練習テープ

今日は、実家に戻って自分の部屋の片付けをした。小さいころに使っていた学習机の中や押入れに入ってた大学時代の教科書など、とにかく捨てるものを、とっておくものにわけ、整理をした。一日がかり。その中で、高校生時代、自分がピアノを練習していたところを録音したテープが見つかった。卒業試験に備えての練習だ。

自分で選んで音楽高校に入学したものの、その思い描いていたイメージとのギャップに、かなり早い段階から苦しんで、一時は、退学する直前までいっていた。それでも、自分で選んだんだからと高校生の間は音楽をがんばろうと決めて、その卒業試験が最後の演奏になるつもりだった。テープを聴いてみると、あー、今と比べてあのころはこんなに弾けたんだなあ、としみじみと思った。でも、そのテープから流れる音楽には、なんの気持ちも感じ取ることができなかった。「こなしている」そんな感じ。当時のころの自分の気持ちを考えると、とにかく、これさえがんばれば、もう、練習しなくていい、自分の音楽生活が終わるんだ、そんな風に考えていた気がする。そのテープからの音をずっと聞いているのはとても苦しい。

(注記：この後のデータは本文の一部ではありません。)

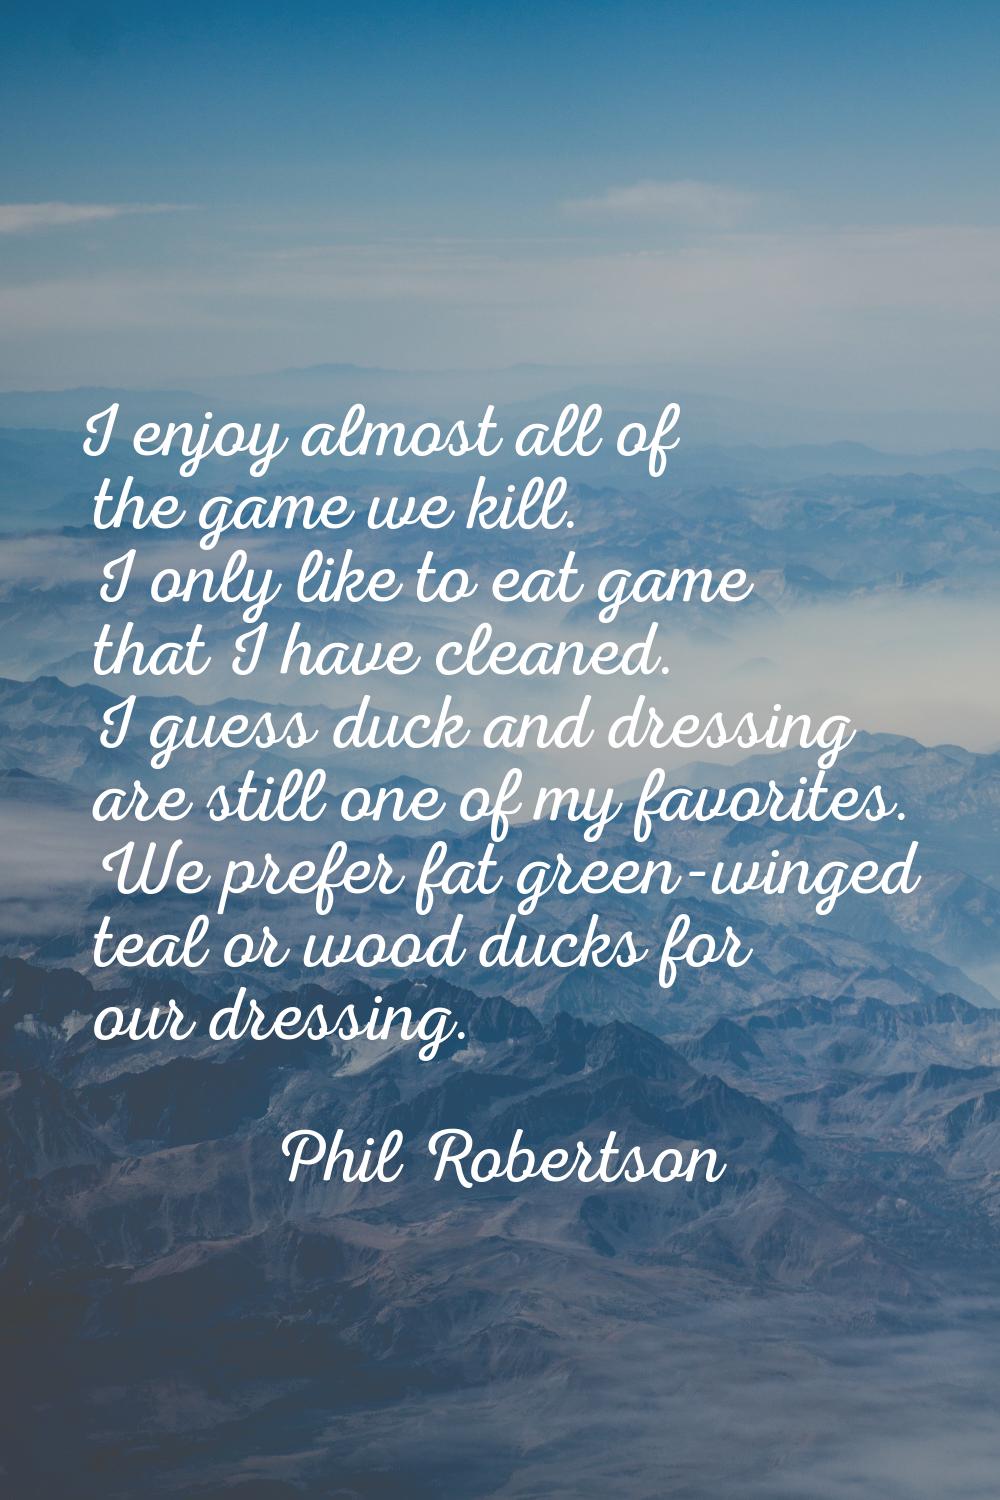 I enjoy almost all of the game we kill. I only like to eat game that I have cleaned. I guess duck a

卒業試験の後、自分の中で音楽もピアノも見たくない、聞きたくない、といった拒否反応に変わってしまった。そのことがすごく悲しいと思ったけど、自分の気持ちはコントロールできなかった。

それから長い年月を経て、今は趣味でピアノを続けている。今は、ピアノも音楽も好き。楽しい。当然練習量も違うし前のようには弾けない。だけど、その楽しむ気持ちを大切にしたいと思っている。